Builtin function can also be combined with arithmetic expression. Let's convert+ `"13"`(str constant) and `reviewID` into int, then add them together, then store the result on `i:result` column this time.

In [32]:
aq_pp -f,+1 $file -d $cols -eval i:result 'ToI(reviewID) + ToI("13")'

"reviewID","brand","variety","style","country","stars","result"
"2580","New Touch","T's Restaurant Tantanmen ","Cup","Japan","3.75",2593
"2579","Just Way","Noodles Spicy Hot Sesame Spicy Hot Sesame Guan-miao Noodles","Pack","Taiwan","1",2592
"2578","Nissin","Cup Noodles Chicken Vegetable","Cup","USA","2.25",2591
"2577","Wei Lih","GGE Ramen Snack Tomato Flavor","Pack","Taiwan","2.75",2590
"2576","Ching's Secret","Singapore Curry","Pack","India","3.75",2589
"2575","Samyang Foods","Kimchi song Song Ramen","Pack","South Korea","4.75",2588
"2574","Acecook","Spice Deli Tantan Men With Cilantro","Cup","Japan","4",2587
"2573","Ikeda Shoku","Nabeyaki Kitsune Udon","Tray","Japan","3.75",2586
"2572","Ripe'n'Dry","Hokkaido Soy Sauce Ramen","Pack","Japan","0.25",2585


13 is added to the original `reviewID` value, on `result` column. 
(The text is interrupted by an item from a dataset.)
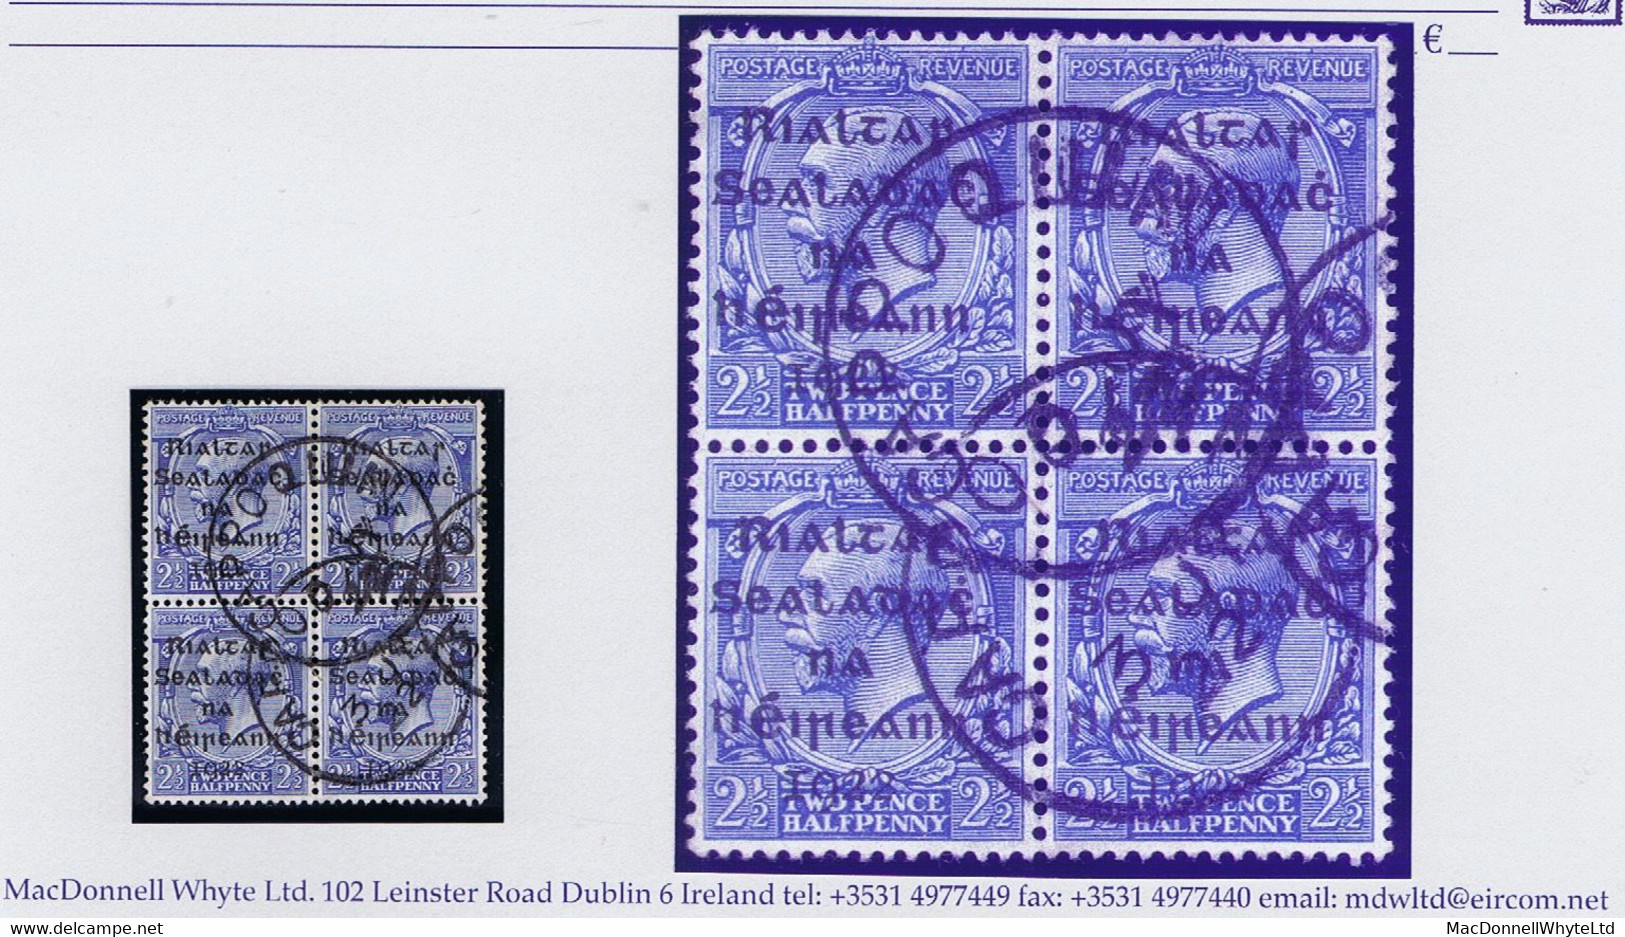 Ireland Waterford 1922 Dollard Rialtas Ovpt In Black On 2½d Blue, Block Of 4 Used Neat CAPPOQUIN 3 JY 22 Cds - Used Stamps

We can also combine numeric strings by using `+`, convert the result to numeric data type, then store in a numeric column. Let's take a look.



In [14]:
aq_pp -f,+1 $file -d $cols -eval i:result 'ToI(reviewID + "13")'

"reviewID","brand","variety","style","country","stars","result"
"2580","New Touch","T's Restaurant Tantanmen ","Cup","Japan","3.75",258013
"2579","Just Way","Noodles Spicy Hot Sesame Spicy Hot Sesame Guan-miao Noodles","Pack","Taiwan","1",257913
"2578","Nissin","Cup Noodles Chicken Vegetable","Cup","USA","2.25",257813
"2577","Wei Lih","GGE Ramen Snack Tomato Flavor","Pack","Taiwan","2.75",257713
"2576","Ching's Secret","Singapore Curry","Pack","India","3.75",257613
"2575","Samyang Foods","Kimchi song Song Ramen","Pack","South Korea","4.75",257513
"2574","Acecook","Spice Deli Tantan Men With Cilantro","Cup","Japan","4",257413
"2573","Ikeda Shoku","Nabeyaki Kitsune Udon","Tray","Japan","3.75",257313
"2572","Ripe'n'Dry","Hokkaido Soy Sauce Ramen","Pack","Japan","0.25",257213


**String Manipulation**<br>

`-map` options will be covered under different notebook.